Sisa Satu

Lewat tengah malam Suar tiba di kosan dan membiarkan kamar dalam kondisi gelap. Ia langsung menuju kamar mandi dan meletakan barang-barangnya begitu saja bertebaran di lantai. 
Suar tidak langsung membersihkan dirinya padahal ia sudah melucuti pakaian luarnya. Tutupan closet di rebahkan. Suar duduk di atasnya sambil menyandarkan tubuh.

Ia coba mengingat-ingat dompet kecil hitam dan lanyardnya. Ia yakin jatuh di stasiun akibat kejadian tadi. Apakah ada yang menemukan? Jika, iya, kenapa tidak langsung dikembalikan. Ataukah dibuang ke tempat sampah? Apakah orang yang menemukan akan meminta bayaran? Atau akan meneror, menelepon ke kantor. 

Suar memejamkan mata. Kepalanya dipenuhi kemungkinan-kemungkinan negatif. Sangat berisik. Tangan kanannya mengusap-usap pergelangan tangan kiri.
"Sisa satu," katanya dalam hati.
Sisa satu.
Sisa satu.
Sisa satu. Kata-katanya semakin cepat seperti detak jantungnya. 
Sisa satu. Ia menyalakan shower dan berdiri di bawahnya. 
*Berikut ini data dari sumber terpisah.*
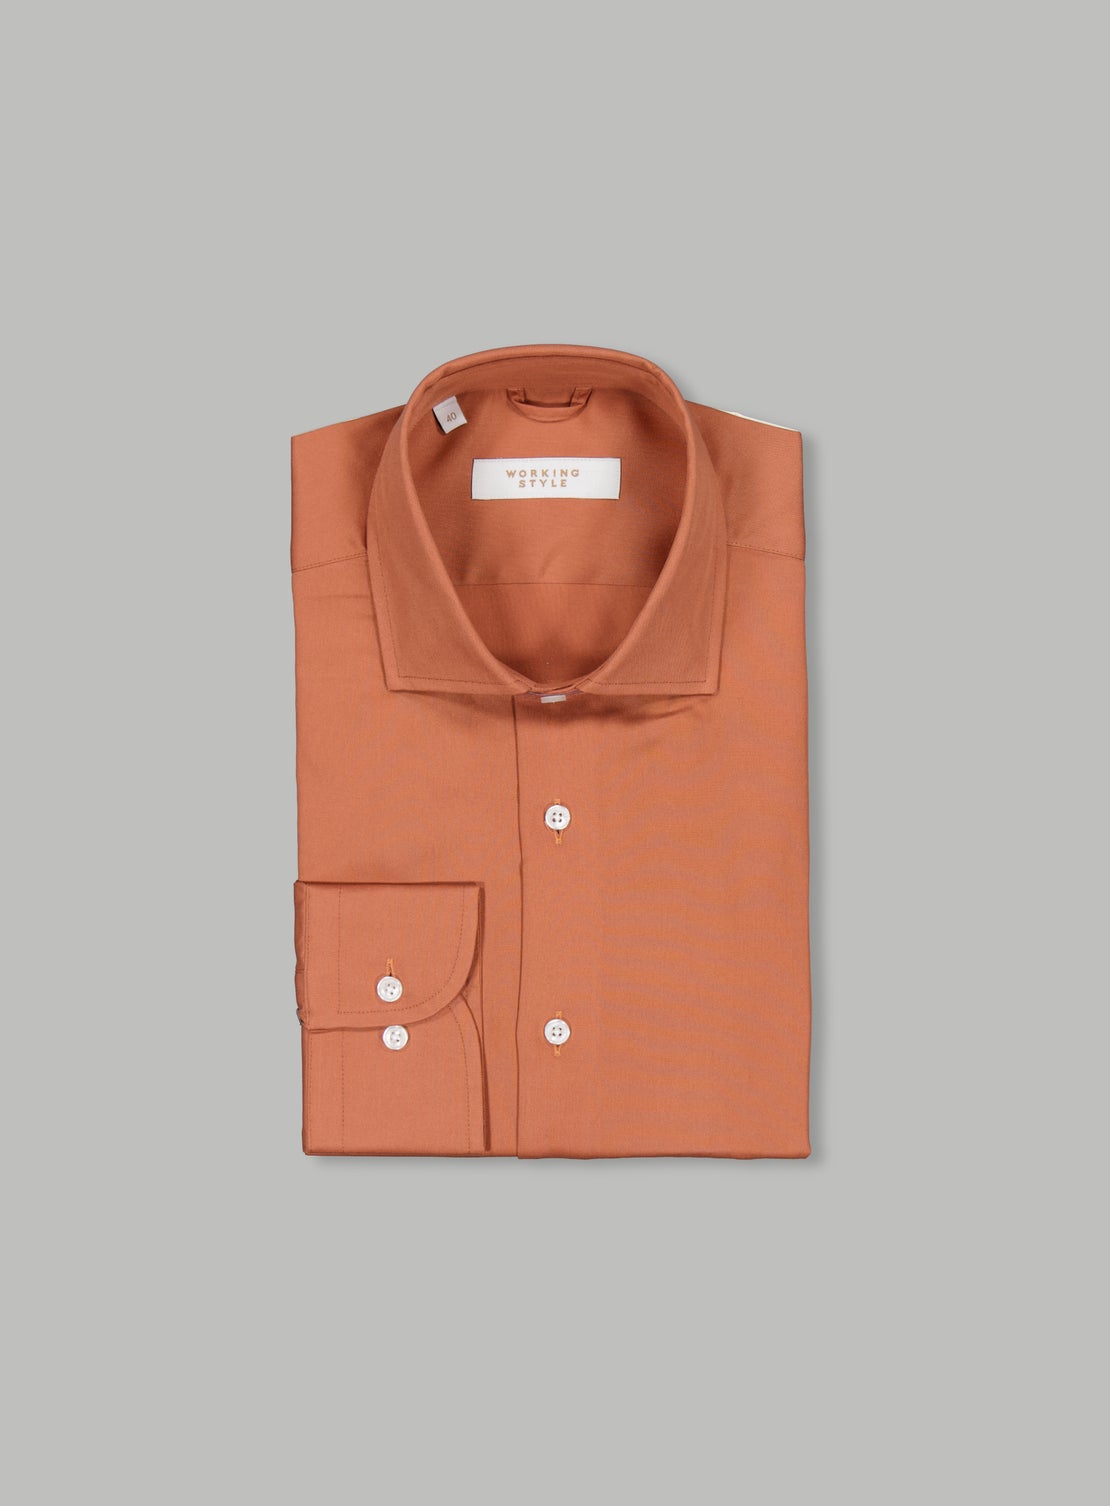 Vinny Orange Tencel Shirt

Pergerakannya tidak terkontrol. Ia menggosok kepala dan badannya yang masih menempel pakaian dalam, sambil bergumam dengan cepat, "sisa satu." 
Sisa satu.
Sisa satu.
Sisa satu.
Suar menarik karet di pergelangan tangan kirinya sejauh mungkin dan segera melepaskannya. Ia meringis menahan sakit. Tubuhnya merebah di lantai kamar mandi — di bawah pancuran yang airnya masih menyala. Matanya menerawang ke atas. Sesekali ia menyeka wajahnya. Napasnya mulai teratur dan detak jantungnya tidak lagi berlari-lari.